For achieving a ranking according to the predictive power for male fertility impairment, we derived FRP scores for individual genes (datasets M and H). For doing so, we conducted binary logistic regression analyses using the forward likelihood ratio method in SPSS 23.0 v.5 (IBM). The above categorization of genes according to previous knowledge on their fertility relevance gave the dependent variable. Thus, genes with fertility relevance according to male phenotypes belonged to category 1 (candidate markers), while genes without corresponding evidence belonged to category 0 (non-candidates). Nine metric parameters giving sequence evolution, the level of testis-enriched transcription, and network centrality were defined as covariates. Whether or not inclusion of an individual covariate significantly improved the regression model, was tested with the Wald χ² test implemented in SPSS. Effect size (f) was inferred from Nagelkerke’s R²,

An f value of 0.400 was taken as lower boundary for a large effect size [Cohen, 1988].  Levels of FRP were compared between category 0 and category 1 genes applying the Mann Whitney U (MWU) test in SPSS. This was done separately for datasets M, M′, H, and H′. We additionally tested for an association of FRP scores with absolute values of fold change of protein abundance as inferred from LFQ data (datasets M′ and H′), employing Spearman's rank correlation (SPSS).
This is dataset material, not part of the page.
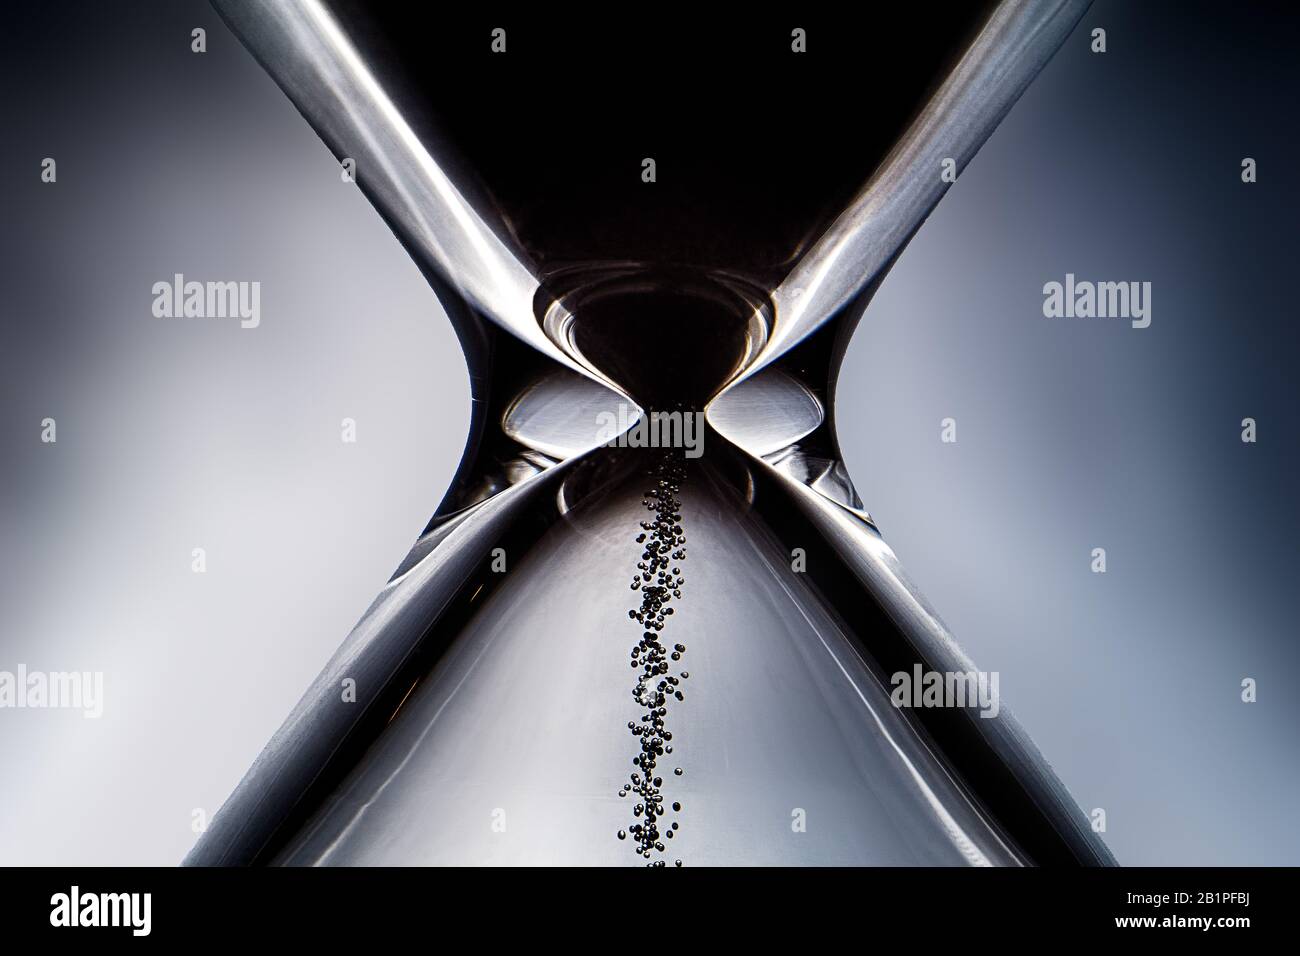 Minimalist close up of hourglass with black sand and light coming from behind, reflection on surface Stock Photo

All tests conducted were two-sided. We transformed p values into false discovery rates (FDR) applying the procedure of Benjamini and Hochberg [1995]. Thus, we multiplied each p value with the factor m/i, where i denotes the rank of an individual p value in the ascending order of all p values, and m is the number of tests performed. Thereby, we accounted for altogether 24 tests (2 logistic regressions with 9 χ² tests each + 4 MWU tests + 2 Spearman's rank correlations). Notably, this is a conservative approach since, in logistic regression analyses, we were primarily interested in finding a summarizing model but not to identify the best predictor variables for gene categorization. Furthermore, the LFQ measurements were not intended to identify new biomarkers, but only to validate the procedure of FRP inference. Therefore, we did not conduct significance testing of protein expression levels.
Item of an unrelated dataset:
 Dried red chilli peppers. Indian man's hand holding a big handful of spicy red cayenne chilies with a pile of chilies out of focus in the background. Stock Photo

We applied arbitrary FRP threshold values of 0.600 and 0.350 to the genes in datasets M and H, for deriving proportions of true and false cases. Moreover, we matched our candidate marker set with the compilation of housekeeping genes by Eisenberg and Levanon [2013]. According to the underlying concept, in a housekeeping gene, more than half of the exons of at least one RefSeq transcript have to show largely constant expression in 16 human tissues. The matching was carried out with gene symbols and Ensembl gene IDs. These were retrieved for RefSeq mRNA IDs in the housekeeping gene compilation, using the data mining tool BioMart (Human genes: GRCh38.p13 in Ensembl Genes 99). For visualization of FRP distributions in datasets M, M′, H, and H′, we generated violin plots with the aid of BoxPlotR (http://shiny.chemgrid.org/boxplotr). Complementary network analysis aimed at a validation of the ranking of the 22 candidate markers in Table 5. Using STRING 11.0 (https://string-db.org/; visited May 29, 2020), we obtained confidence values for individual edges. The edges were collected from various sources, including text mining, experiments, databases and co-expression. Threshold values applied to the edges (0.150, 0.400, 0.700) corresponded to predefined increments for low, medium, and high confidence levels.

Our initial dataset included 2,753 testis-expressed genes (dataset M) that were contained in the MGI phenotype database and additionally had 1-to-1 orthologues in our PPI network (Fig. 1). All evolutionary and expressional parameters considered were available for these genes as well. For 2,502 of these genes, no fertility restriction was observed in male mice homozygous or hemizygous for the respective knockout (category 0). For the other 251 genes, male knockout mice were reported to be sub- or infertile (category 1). Logistic regression analysis supported the inclusion of dN/dS, transcript abundance in testis relative to brain and heart, and the number of neighbors in the PPI network into the summarizing model (FDR ≤ 0.012, each; Table 1). After successive inclusion of the above variables, effect size culminated in a value of 0.434, which according to the definition applied corresponds to a large effect (online suppl. Table 1; see www.karger.com/doi/10.1159/000511117 for all online suppl. material). Across all proteins in dataset M, the values of FRP ranged from 0.005 to 0.915. Thereby, the FRP score of individual genes increased with stronger evolutionary conservation and more testis-enriched expression. The number of directly neighbored category 1 members in the PPI network was an additional positive determinant of FRP (Table 1). Highest FRP scores were derived for category 1 genes, while lowest ranks were occupied by category 0 genes. Accordingly, the FRP level was significantly higher in genes that were sorted into category 1 than in their category 0 counterparts (FDR = 0.000, MWU; Table 2). An arbitrary FRP threshold of 0.350 confirmed the initial categorization in 57% of the genes. When applying an FRP threshold of 0.600, true cases amounted to 54% still (Fig. 2A).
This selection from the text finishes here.